The GPS data collected by service providers can be used by programmatic advertisers (that work with SPs) for up to 30 days, allowing them to have a pinpoint focus when serving advertisements and deals. Geofence marketing will likely come in the form of PPC or push notifications can also come as texts or emails if companies are able to collect contact information.
- Customer mobile device with GPS capabilities (location-enabled sensors must be turned on)
- A geofencing software tool – See the ‘Best Geofencing Software’
- Database for collected contact information
BLE (Bluetooth enabled) beacons
As we just mentioned in the Geofencing section prior to 2018 marketers were able to abuse their ability to push advertisements directly to customers without consent, beacons were part of the issue. The average BLE beacon can transmit actionable BLE signals for up to 80 meters, and with many objectives for beacon campaigns being the influence of consumer purchasing it this strategy had a great low-cost solution for delivery. This is formally known as Beacon Marketing.
However, with the changes to advertising regulations and software updates from companies such as Google, BLE beacons can be used as an addition for WiFi and push notification strategies.
But that’s not all! Just because the old use of beacons is no longer an option, and only seems like an addition to make other methods more effective, proximity marketing also includes methods for gaining market research. One example of this is by convenience store, Nisa.

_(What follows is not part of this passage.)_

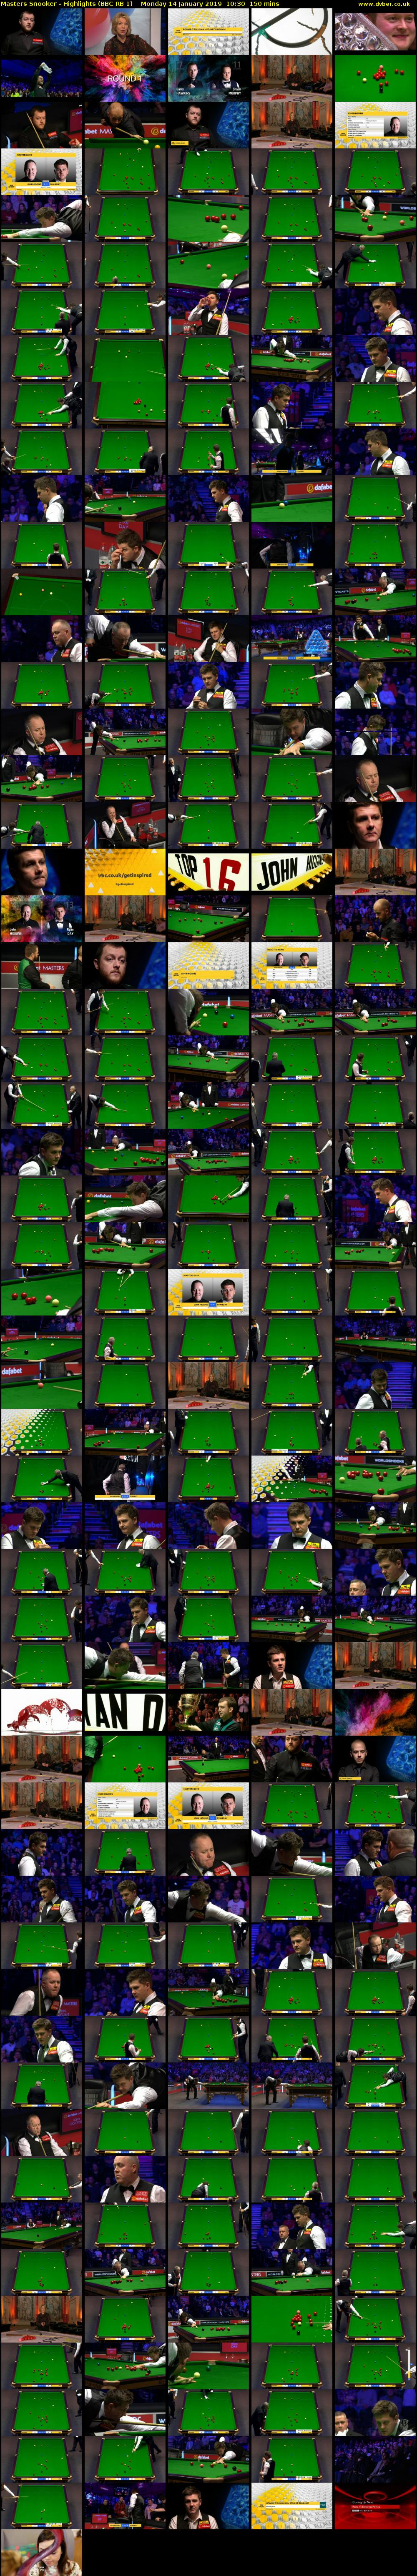 Masters Snooker - Highlights (BBC RB 1) Monday 14 January 2019 10:30 - 13:00
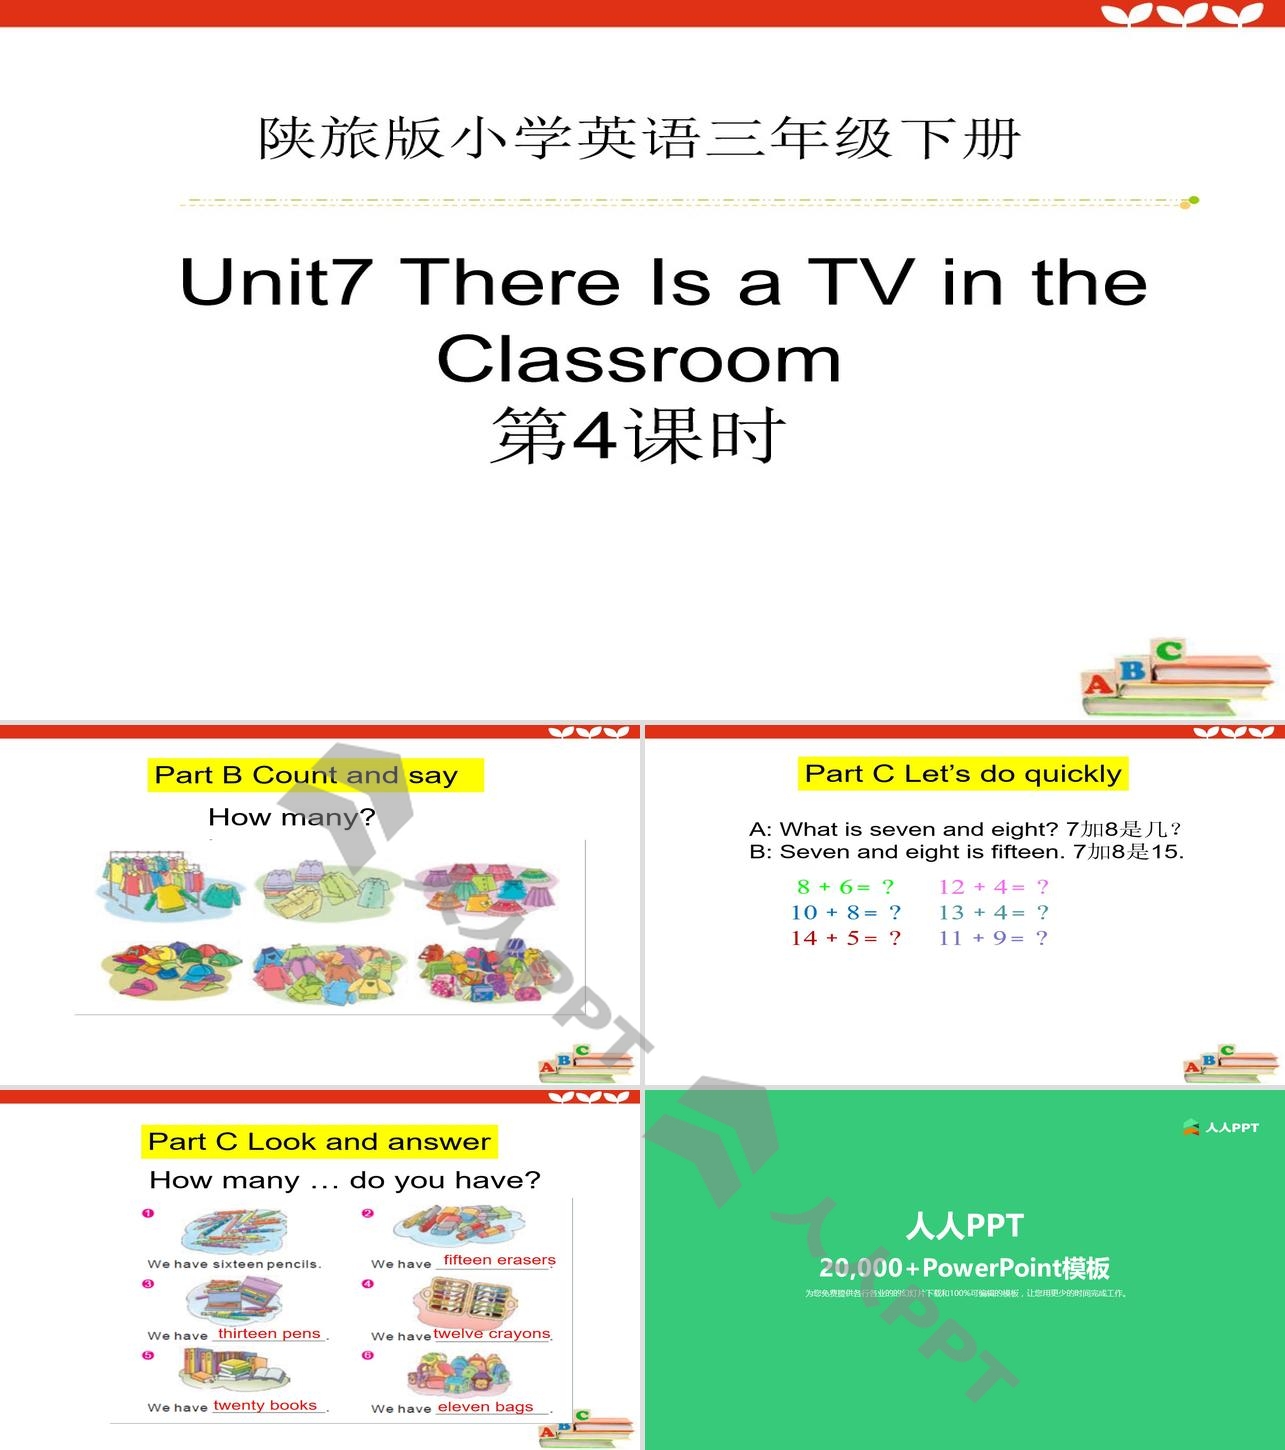 《There Is a TV in the Classroom》PPT课件下载长图

The convenience store chain attached BLE beacons to trolleys, and baskets to track customer movements when entering, leaving, and moving around its stores. With the movable and planted roof beacons in place, Nisa was able to accurately collect a large pool of geometric insights that fed into one central cloud for further analysis. From these gatherings, Nisa will have been able to understand customer dwell times and see which product aisles were most popular.
- Bluetooth-enabled mobile device
- Enough BLE beacons to cover desired proximity range
- Data collection software and/or service
The future of proximity marketing: Geo-loyalty
A large amount of success has been achieved using the different methods of proximity marketing, but what’s next?
One of the hardest-hit industries due to the Covid-19 pandemic was retail, from small stores to giant malls, many retailers have seen a negative impact in one way or another. As countries make the “return to normal” there are a lot of positive signs that physical stores aren’t dead, meaning businesses will have plenty of opportunities to utilize the above proximity marketing methods. However, that’s not all!
Geo-loyalty is a method of utilizing proximity marketing methods to boost customer loyalty and drive app usage for higher conversion and engagement rates. This development for proximity marketing will enable retailers to optimize the customer journey and how they’re marketed too, creating a full loop understanding of post-Covid-19 of consumer behaviors and shopping traits, whereas before, retailers only found out this insight once a customer was at the till.